Monday, May 12, 2014

The March Madness-Novel Edition

Librarian-students all had a chance to create/report out a program they developed as a final project. Each considered the goals of the program, format (active, passive), how much time/money it might take and described how it was or would be done. Carla from WI shared this idea.

As a fan of college basketball, I wait excitedly for the NCAA tournament to begin every March.  Trying to predict the winners, upsets and Cinderella stories is a challenge and great fun.  So next year March “bracketology” is going to be reinvented as a showdown between books.

My vision for this program is as a drop-in, do-it-yourself type; the directions are fairly easy to describe and then a handout would be distributed.  Instructions would also be included for reference, for those patrons unfamiliar with the bracket procedure but also want to participate. 

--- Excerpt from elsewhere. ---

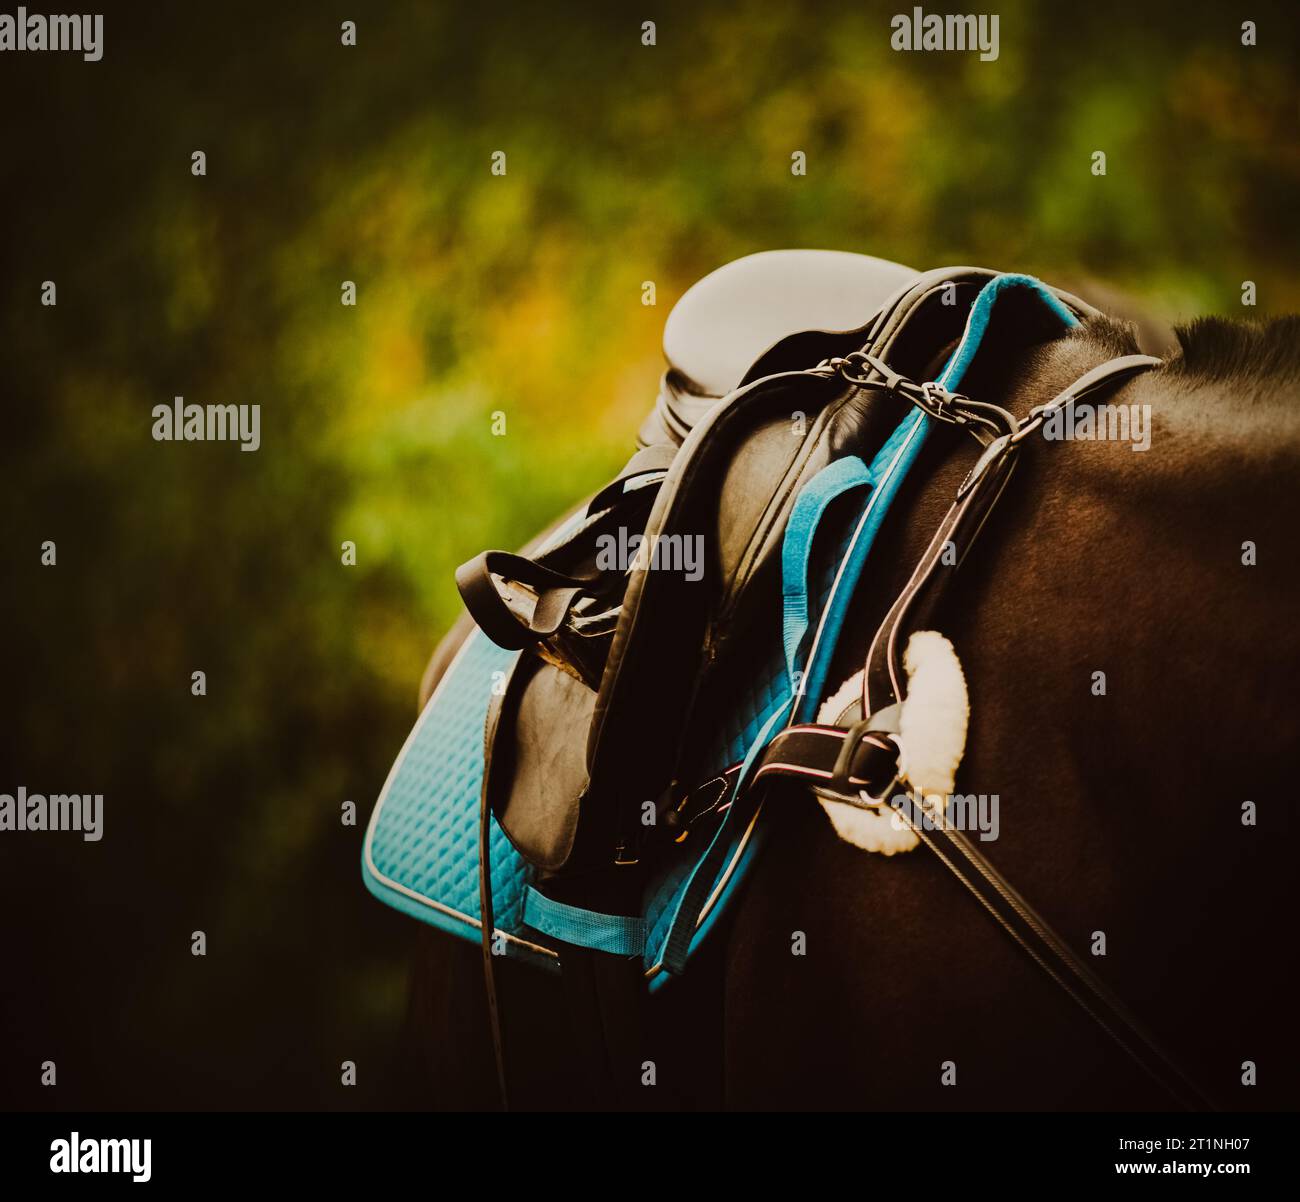 Un cavallo nero indossato con attrezzature sportive, come una sella, staffe e un pettorale. Mostra il mondo degli sport equestri e dell'equitazione Foto Stock

This would be done as patrons came in and inquired about the brackets.  The books chosen would be from all areas of the library with most age groups and collections represented.  For younger patrons, parents or siblings could help with the bracket.  Since it is a drop-in, take home program, there would not be any time commitment in the library, other than relaying instructions by the staff.  The program itself would continue for about four weeks, and if successful would be held every March. 

Budget demands would be low.  Printer ink and paper are the only needs for running the program.  It would be necessary to have funds for prizes for the winners in each age group.  The prizes, of course, would follow the theme of the program, and be books.  Staff time would be more demanding, but only in the development of the brackets and devising the points awarded for wins/losses and the “team” matchups.  After the first year it would just be a matter of choosing books; the point structure would already be determined.

Since all ages would be included, many parts of the collection would be included as well.  There may be a face-off between The Hunger Games and The Very Hungry Caterpillar.  I would like to include adult books as well, so all patrons could participate, so it may not technically be a “Children’s Program” but kids would definitely be the ones targeted to join the game.

March Madness-Novel Edition would start the first or second week of March, to coincide with the selection process of the basketball teams invited to play.  Perhaps a book selection ceremony could also be incorporated into the program.  Thirty-two books would be selected with a wall sized bracket put up to track the matchups and winners.  Handouts with the brackets would be available a few days ahead; I don’t want to give patrons too much lead time to lose the papers or forget!  The first week there would be sixteen “games” and patrons would vote for each of them.  I would need sixteen boxes or jars for the votes to go into.  At the end of the week the votes are counted and winners from each pairing would move on in the bracket to the Sweet Sixteen, just like the NCAA.  The second week, the same thing, only now with eight “games” on which to vote.  The Elite Eight would face off the third week; the Final Four the fourth.   Shortly after those winners are determined, the final Championship game would be played.  Voting for this would be open for only a couple days, to try and keep excitement and anticipation high. 

I would break all the entries into age groups; preschool through 4th grade, 5th grade through 8th, high school, and adults.  Again, focus would be placed on encouraging  young patrons to participate,  and perhaps have two or three winners for the younger age groups.  The brackets are scored by a predetermined point scale, and highest point score wins.  Books would be the prizes-either new releases, classics or both and everyone would be encouraged to get reading for next year’s tournament. 

Our library lives in a sporty community, and I think patrons would enjoy this type of program.  I like it because it encourages kids to read books throughout the year so they’ll be ready to vote, and hopefully be invested emotionally in the outcome of the games.  But it also allows those who haven’t read many of the books to participate, because just like the real NCAA bracket, much of it is a guessing game!  I would like to see excitement for March Madness to evolve to where patrons even pick the original 32 books that are selected.